I'm trying to create my own corpus out of a set of text files. However, I want to do some preprocessing on the text files before they get corpus-ized and I can't figure out how to do that, short of creating a script to run through every single text file first, do the text preprocessing, save a new text file, and then make the corpus on the new, post-processed files. (This seems inefficient now, because I have ~200 mb of files that I would need to read through twice, and is not really scalable if I had a much larger corpus.)
The preprocessing that I want to do is very basic text manipulation:
- Make every word as listed in the corpus lower case
- Remove any items entirely enclosed in brackets, e.g., [coughing]
- Remove digits at the start of each line (they're line numbers from the original transcriptions) which are the first four characters of each line
Critically, I want to do this preprocessing BEFORE the words enter the corpus - I don't want, e.g., "[coughing]" or "0001" as an entry in my corpus, and instead of "TREE" I want "tree."
I've got the basic corpus reader code, but the problem is that I can't figure out how to modify pattern matching as it reads in the files and builds the corpus. Is there a good way to do this?
corpusdir = "C:/corpus/"
newcorpus = PlaintextCorpusReader(corpusdir, '.*')

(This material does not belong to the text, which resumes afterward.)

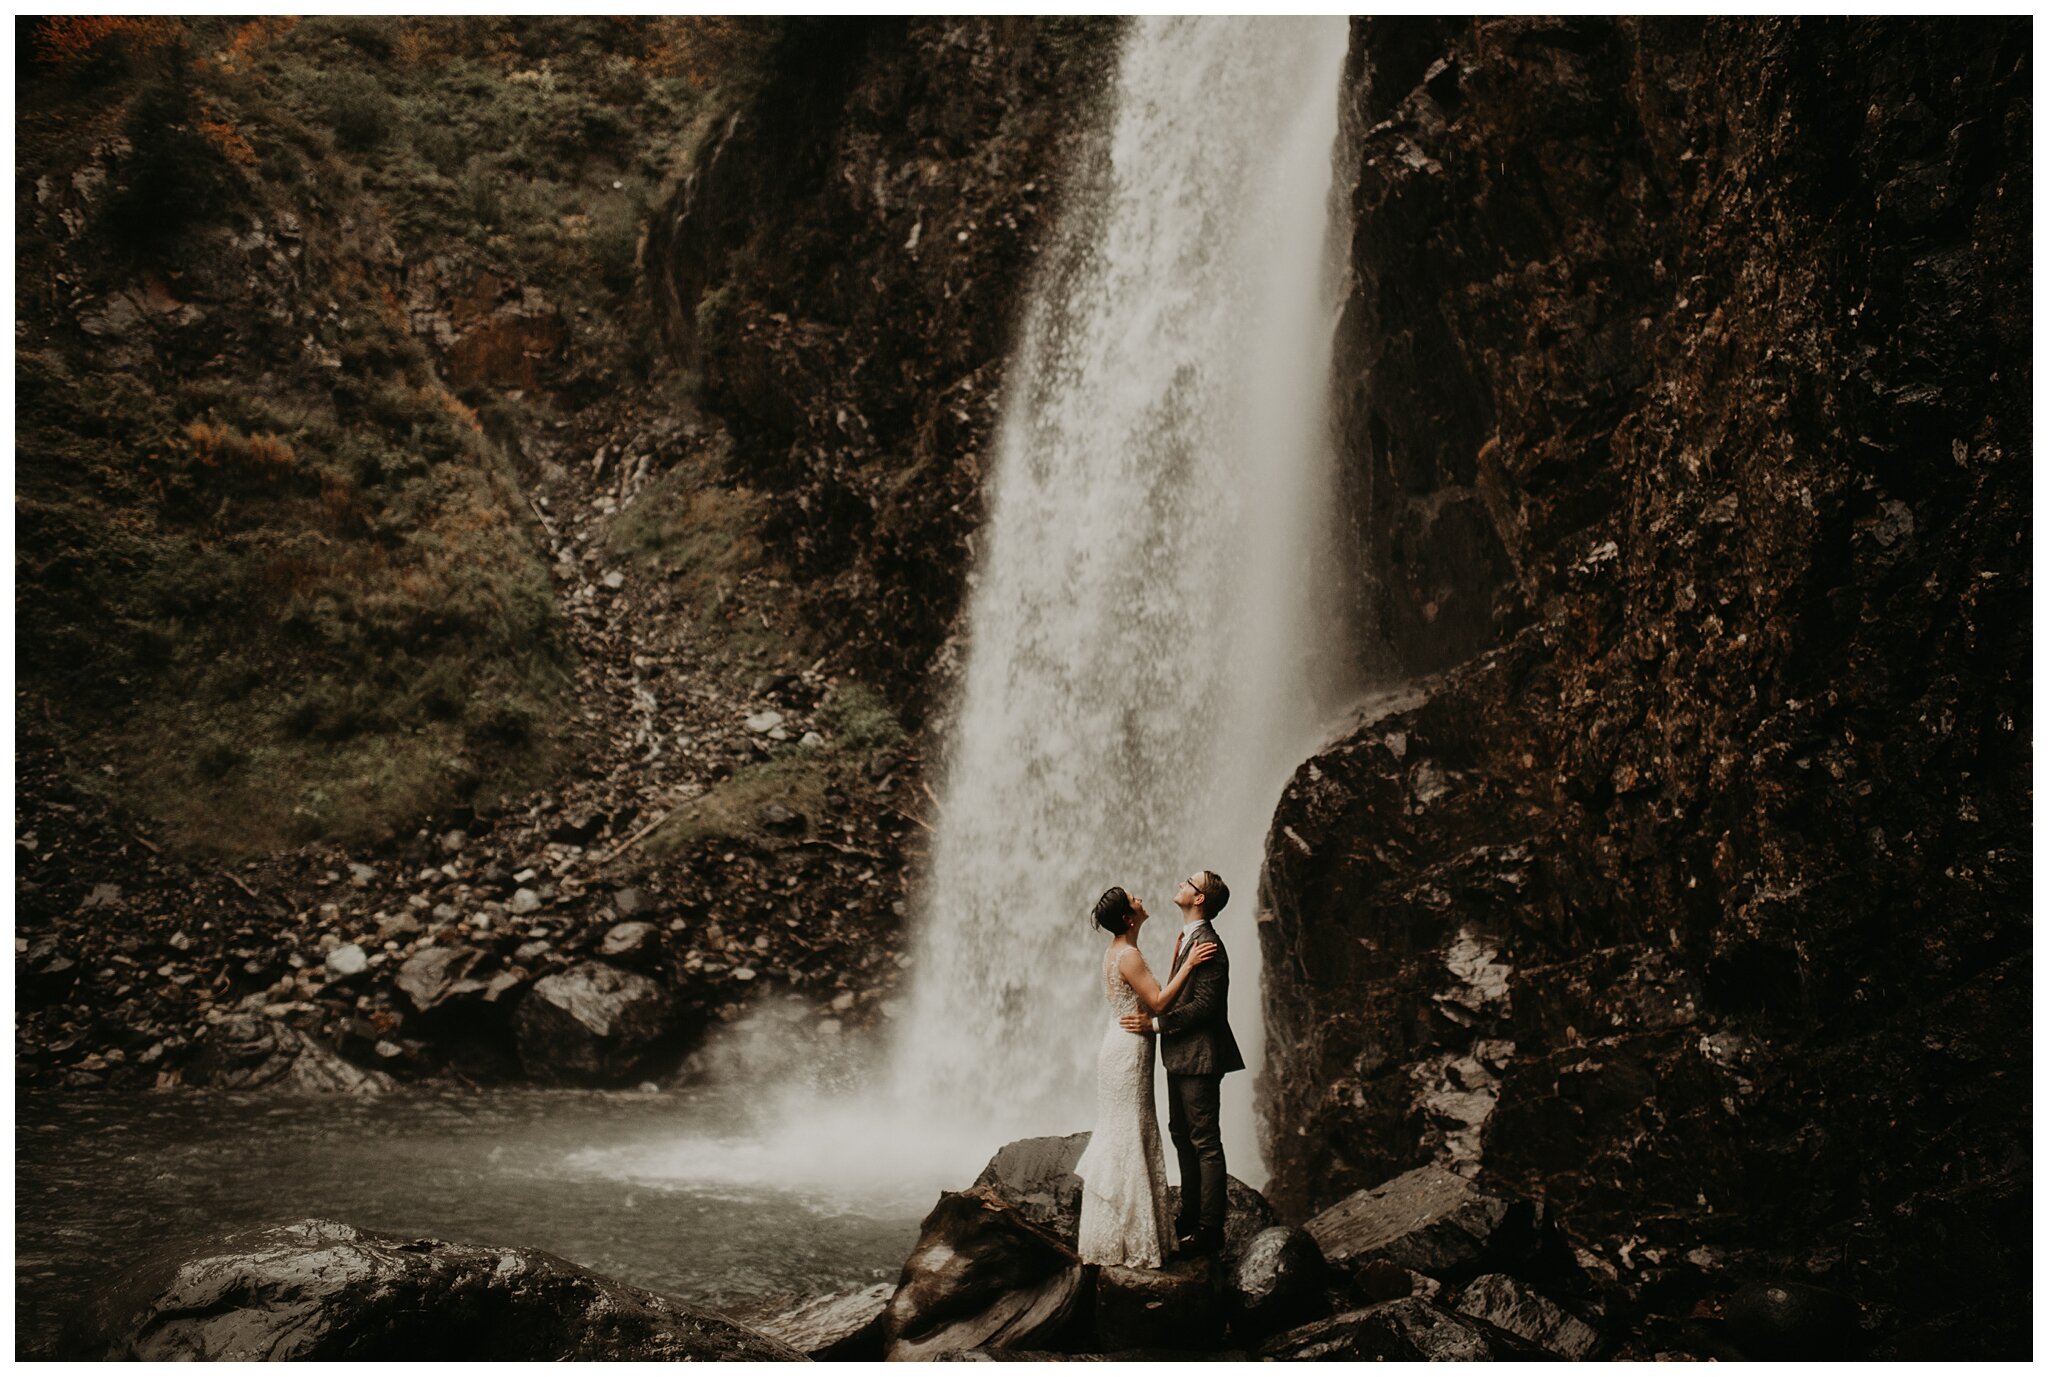 Layla + Kodiak Wedding Portraits - Franklin Falls, Snoqualmie, WA - Kamra Fuller Photography
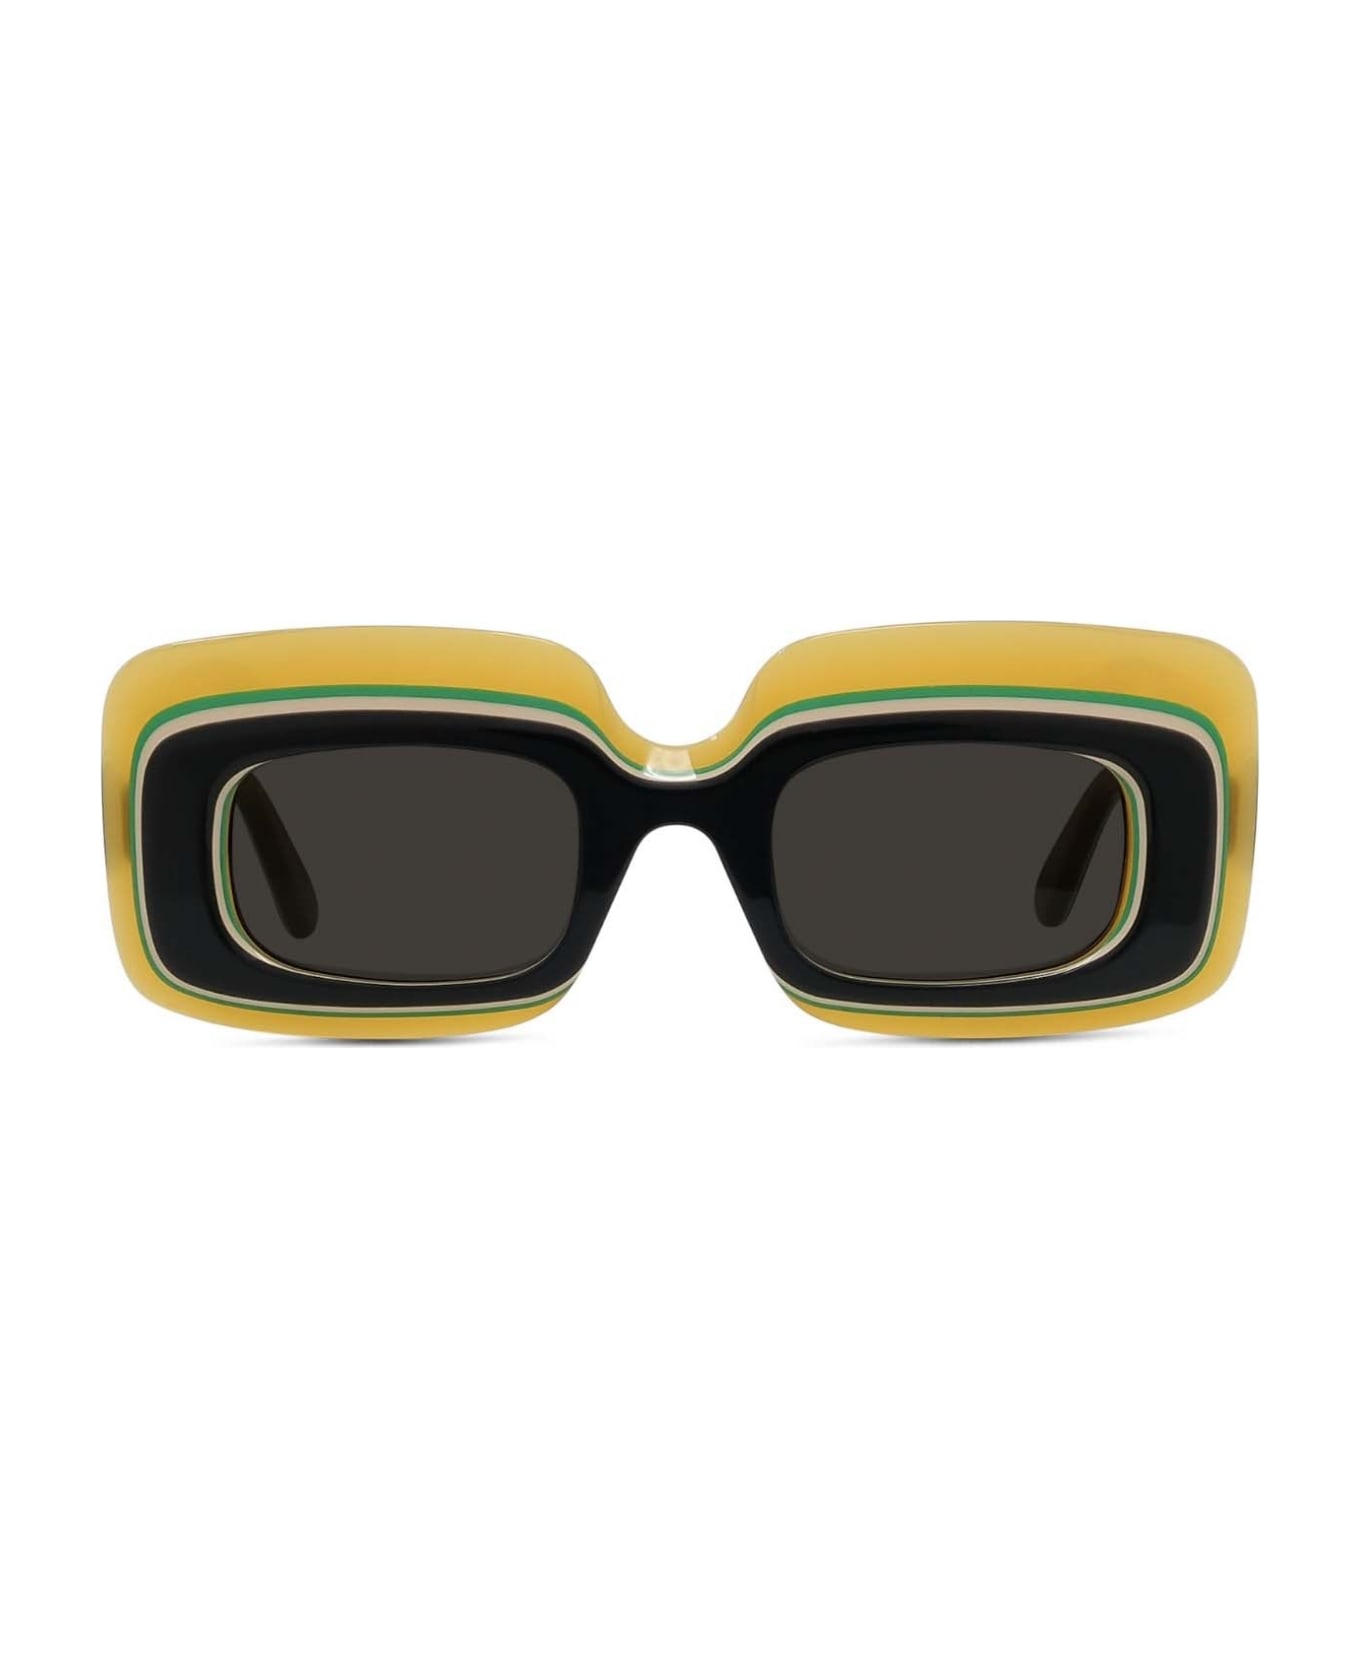 Loewe Sunglasses - Nero/Grigio

corpus_words = newcorpus.words() # get words in the corpus
fdist = nltk.FreqDist(corpus_words) # make frequency distribution of the words in the corpus
This answer seems sort of on the right track, but the relevant words are already in the corpus and the poster wants to ignore/strip punctuation before tokenizing the corpus. I want to affect which types of words are even entered (i.e., counted) in the corpus at all.
Thanks in advance!